Thus, the Company emerged from bankruptcy proceedings with no assets,
no liabilities, and approximately $24,000,000 in available carry-forward
income tax credits.


Present plans are to develop a wagering system, dubbed "Roulabette",
that allows patrons visiting a casino and individuals at home, offices,
clubs, or other gathering places all over the industrialized world, to
play along on live casino table games, either via closed circuit
television in the casino confines, or the broadcast of the same live
action via digital direct satellite TV broadcast around the world.
The first step will be to conduct a three (3) month test of the system
at the proposed Company facility and, after successfully completing the
test, to test a system at a casino preferably located in Atlantic City.
Each test will be with forty (40) Roulabette terminals.

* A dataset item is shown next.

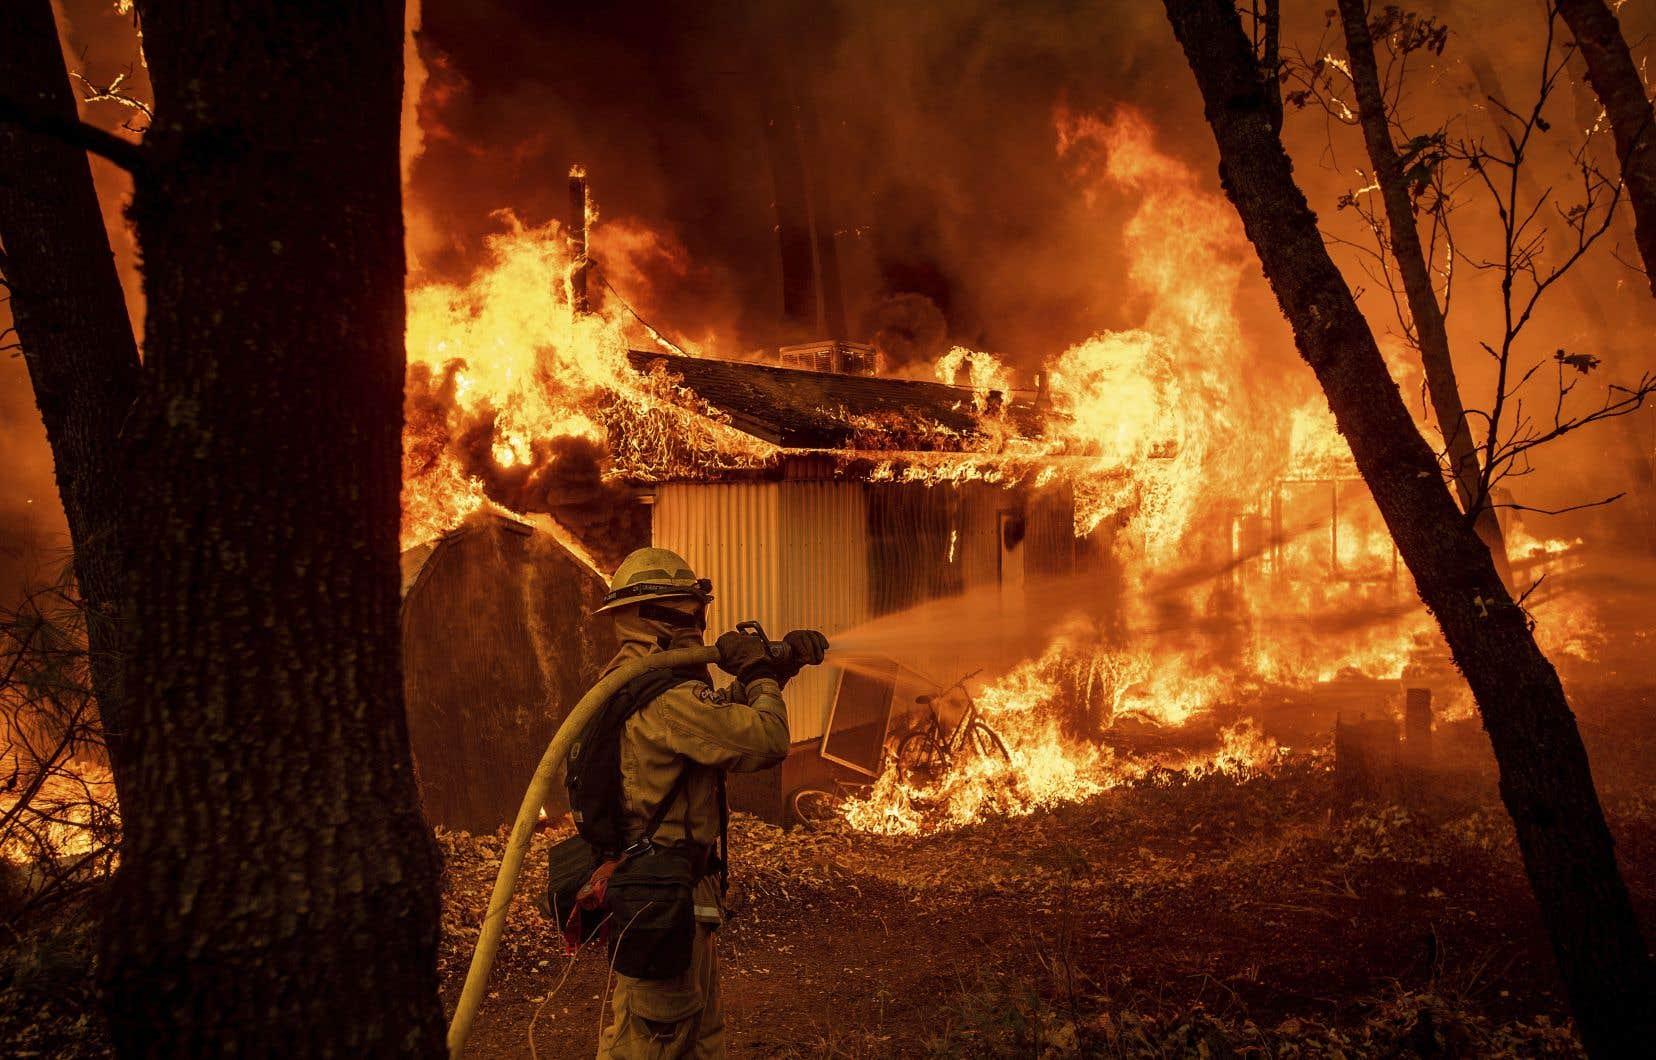 Un pompier tente d'éteindre le feu qui ravage une résidence de Magalia, en Californie.
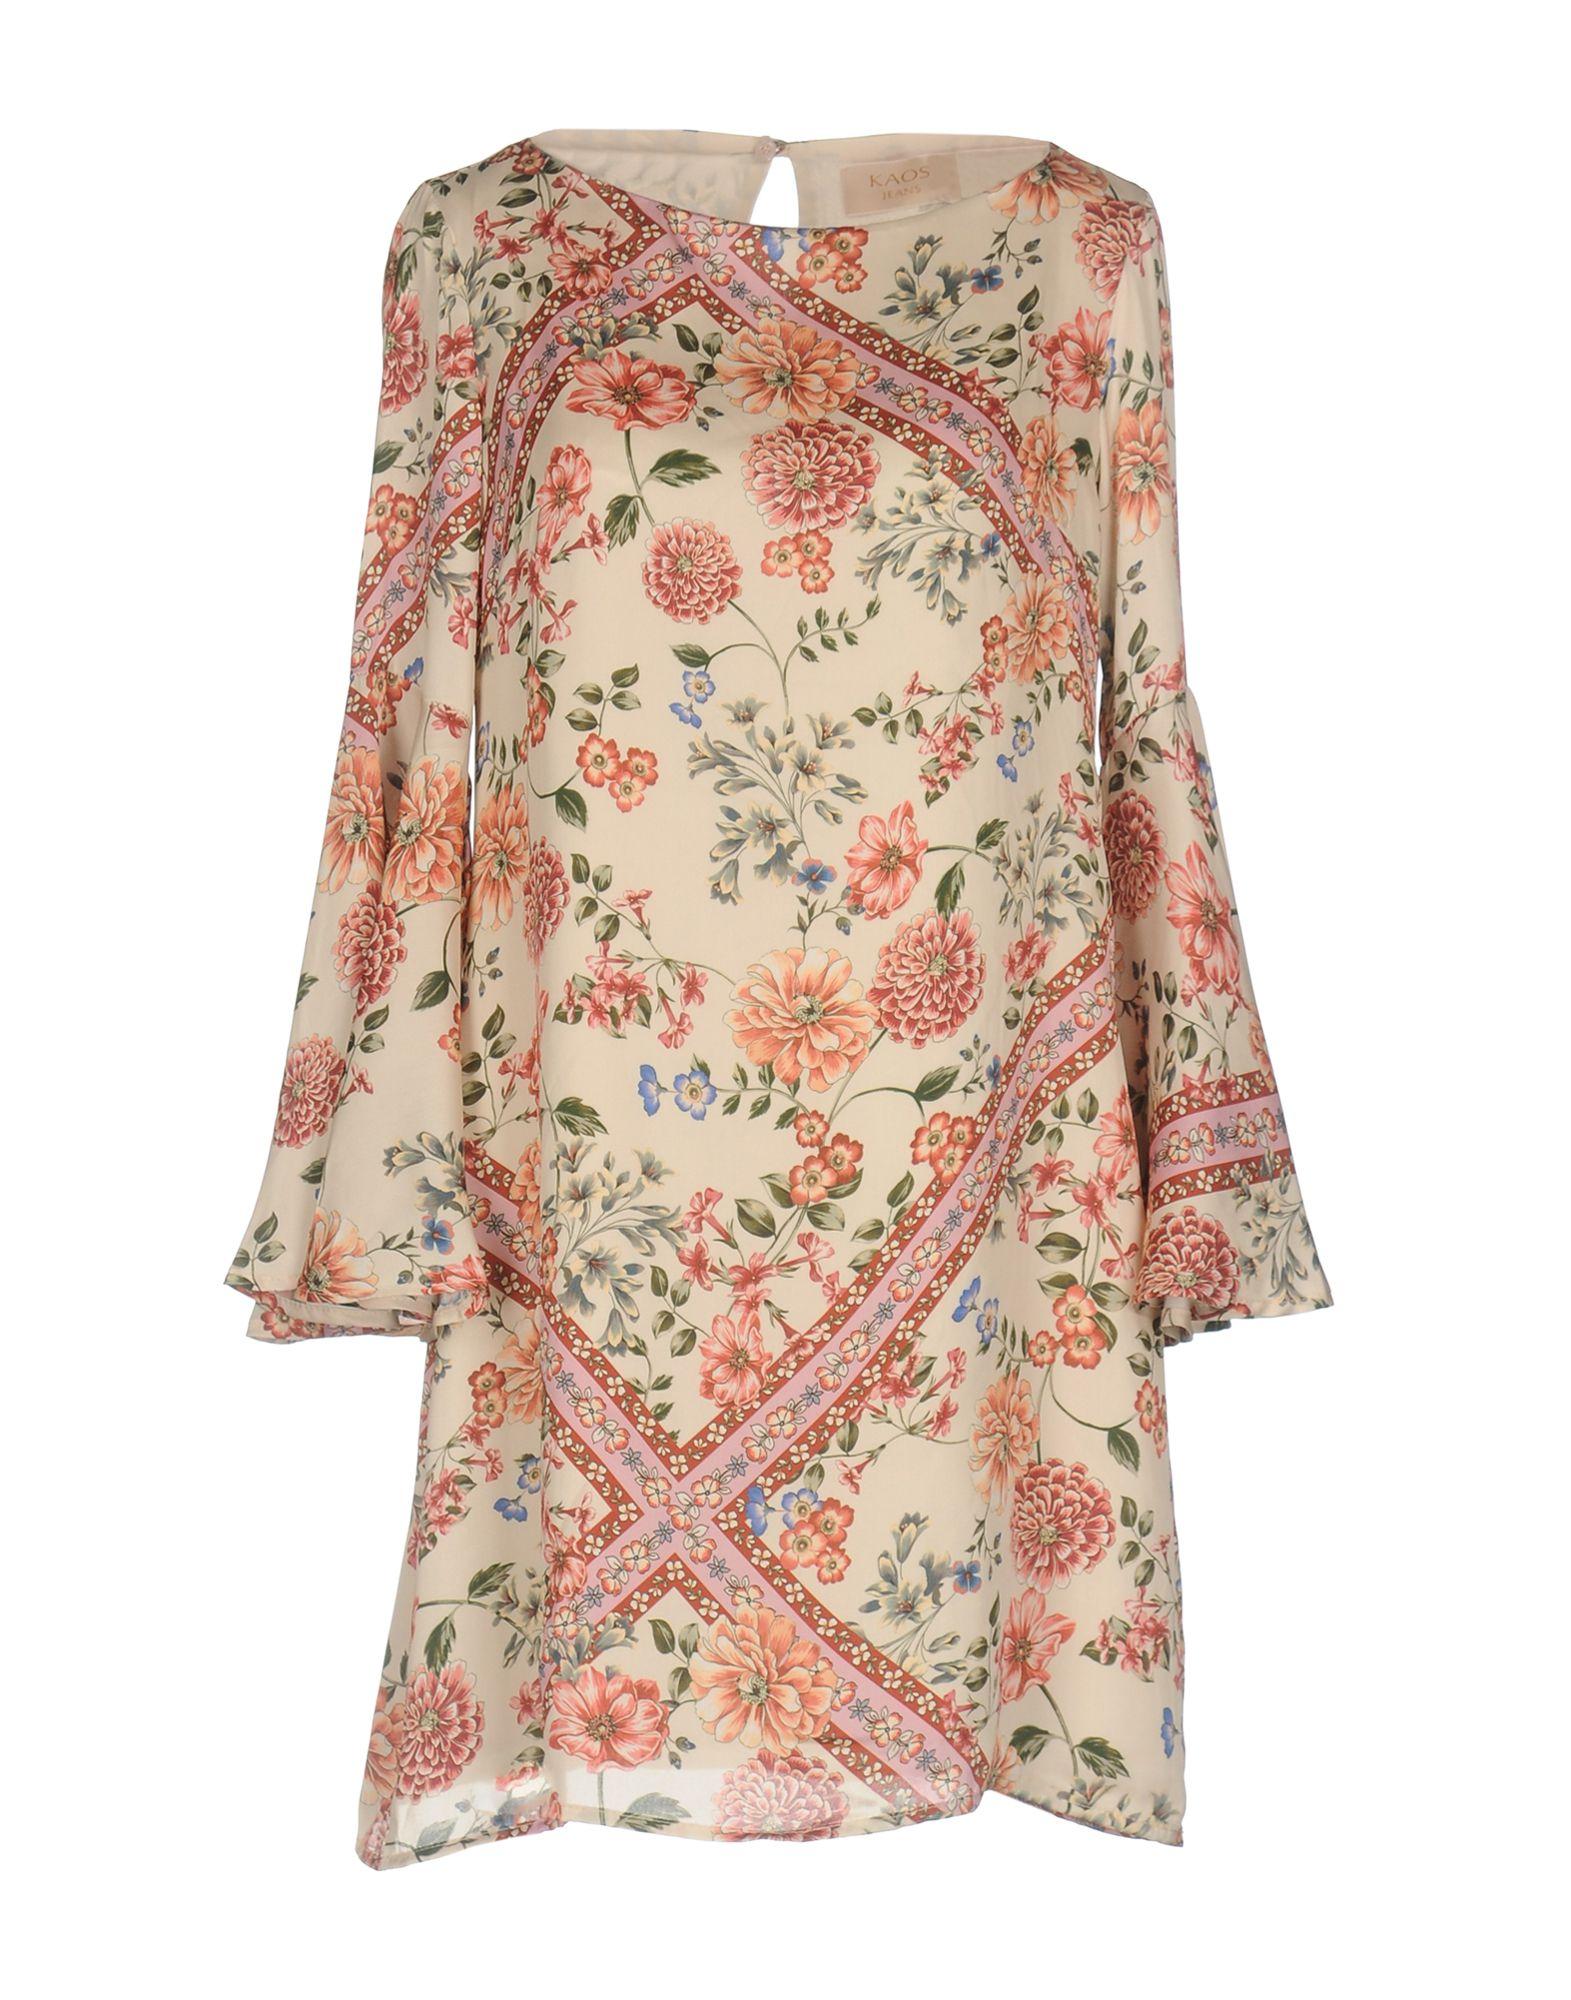 KAOS JEANS Damen Kurzes Kleid Farbe Beige Größe 7 jetztbilligerkaufen

To conduct these two tests will require $1,600,000 to;  a) purchase
computers, digital television broadcast equipment and table games;  and,
b) defray the cost of the facility and pay the salaries of six (6)
employees who are specialists in software design, TV broadcasts, and
mechanical design, for a period of eighteen (18) months, and from time
to time, consultants who will assist the design team.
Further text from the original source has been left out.